I took a short trip to the Everglades this weekend, it was hot but windy so we had a great time. Just wanted to share some photos. :thumbup1:

In case you want to go this is the Flamingo campground









and here the primitive campsites at Long Pine Key (no electricity). 


















http://oncamping.net/thekamperman_blog/wp-content/uploads/2011/04/glades-bird-300x225.jpg

I published more photos plus some info about the area in one of my blogs (too many to paste them here). 

Hope everybody had a great weekend!


----------



## artmart

Nice wildlife.... That's what I remember about the Everglades, is all those alligators and we only drove through it on the way to the Florida Keys without stopping. The wife never allowed me to stop. She preferred to enjoy the views of the alligators from our fast moving truck. And we saw LOTS of them. Other friends and relatives that have done that road didn't see many, so we were lucky to see plenty right from the road.


----------



## thekamperman

: )
There are too many gators today because hunting was limited by the state (now, after some dose of controversy, I think they softened the restrictions.)

Through the US1 to the Florida Keys hardly you can see one gator nowadays, probably because too much road construction there, but through the old Tamiami Trail (From Naples to Miami) early in the mornings they are taking the sun in the bordering channel, specially around the Big Cypress National Forest. 

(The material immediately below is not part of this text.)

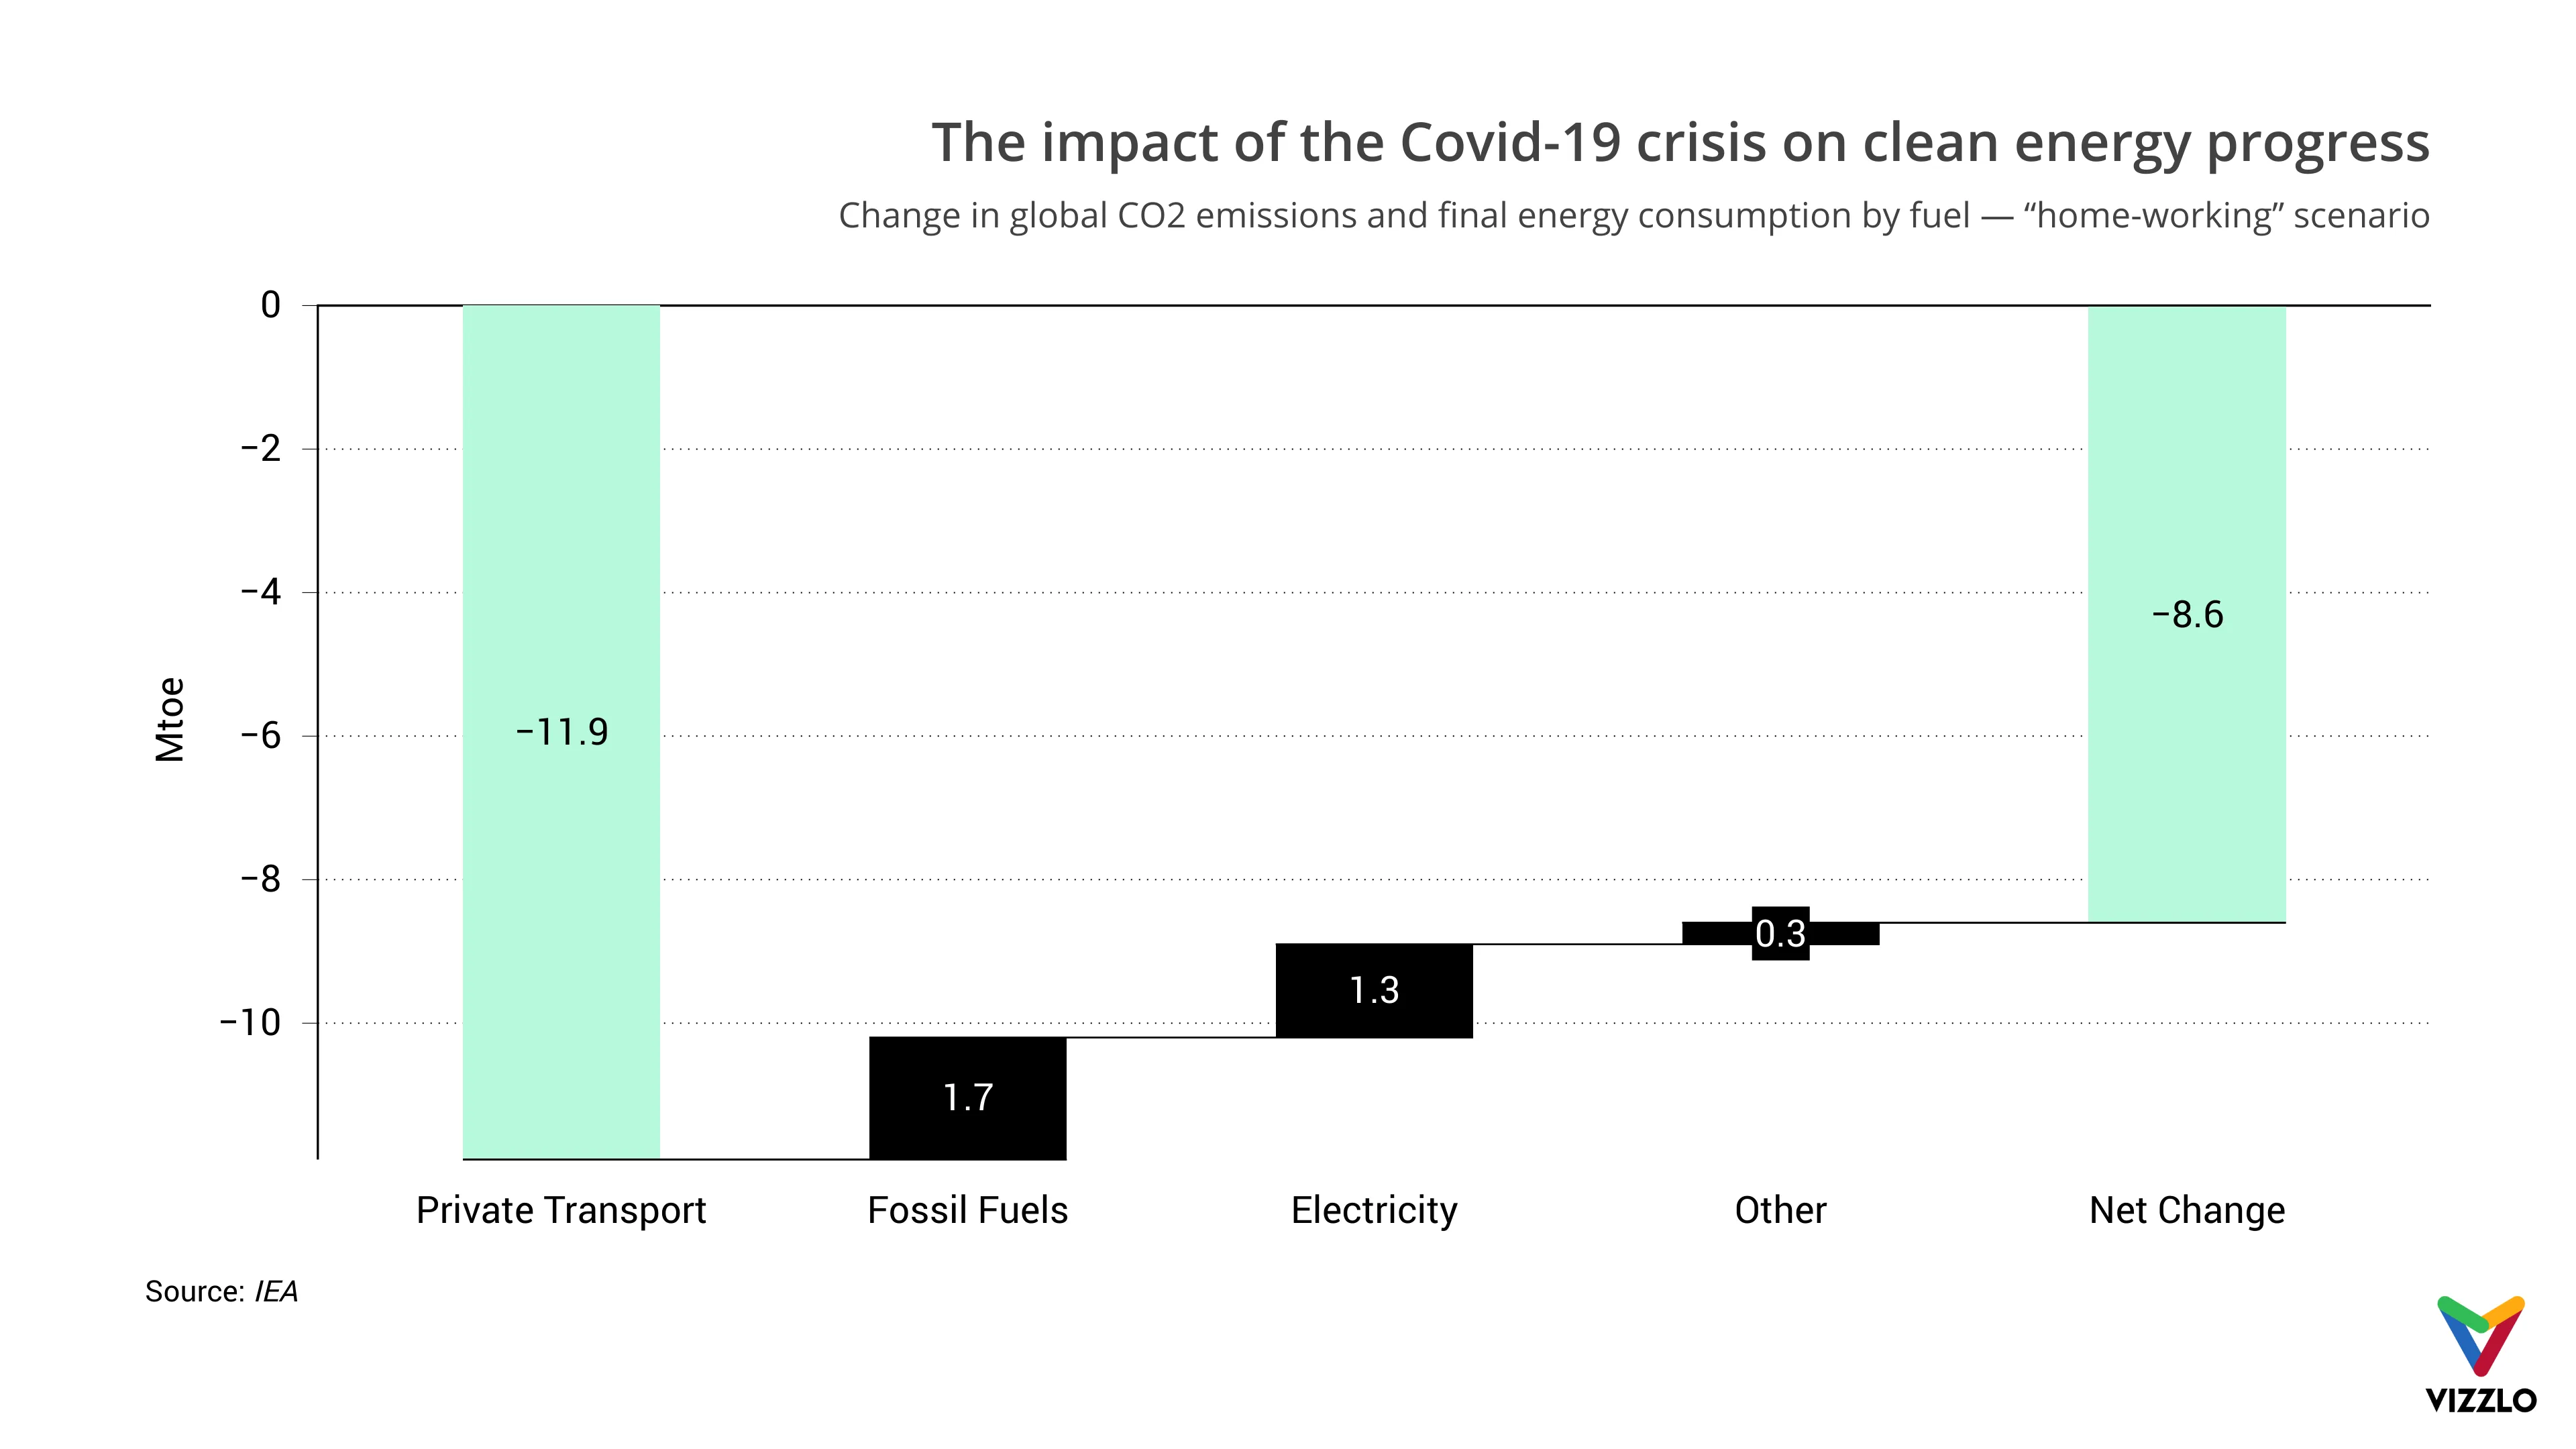 The impact of the Covid-19 crisis on clean energy progress

Shark Valley is another good place to see wildlife (haven't been there in almost 10 years). This is also in the Tamiami trail, near the Miccossuki Indian Tribe, and have a road that takes you to a viewing tower deep into the glades. They have trams that take you to the tower or you can go biking. 

There is a restaurant outside this park that was operated by the indians where you could eat alligator meat. 

If you want to get pretty close to wildlife there is the old Loop Road just after passing the indian tribe east to west; gators used to cross over the road, some people have filmed the elusive panthers, and some talk about black bears, but I learned that the western half of the road (the most interesting and wild) is closed because its bad shape. 

There was a town in this road named Pinecrest that was abandoned, today can be seen the old gas station (with gas prices from the 1920s in the pumps) and some remains of a hotel operated by a relative of Al Capone, but you can't walk to them and just take photos from the road because they are in private property.

I'm posting all this in case some people plan to travel around south florida this year, but for camping or rving into the Everglades is best to come after the rainy season and the harsh summer.


----------



## artmart

I always wondered that we saw so many was because we drove through there a few years ago, after a major hurricane had just happened and we were dodging another one while we were there. Maybe the hurricanes stirred them up.

We were on Hwy 41 which actually skirts Everglades NP and much of the road had an estuary running along side and it was full over them every other mile of so. We got on that road and didn't stop until we got to Key Largo. Thank God we had a 38 gallon fuel tank and we had just had a rest stop and refuel before driving through there.


----------



## thekamperman

You got the right road to see alligators. : ) 

That's the one I referred as Tamiami Trail (This is the other name given to the 41, which means Tampa-Miami). It borders the north boundaries of the national park and goes through the Big Cypress preserve. 

This is secluded area, almost no business and not gas station until you reach the Indian reservation. 

Two campgrounds without many luxuries along the way: Monument Lake and Midway. For tents there are some primitives but the swamps are harsh for campers. :smack-head:

Because the road crosses the Fakahatchee Strand Preserve (which some call "the amazon of north america") you may see some signs alerting the crossing of panthers but you can stop and see the gators safely so far you don't get too close. 

Some people have fed some of them an that's a careless and dangerous behavior.


----------



## ctfortner

Great pictures. Looks like a fun trip other than gators and tent camping


----------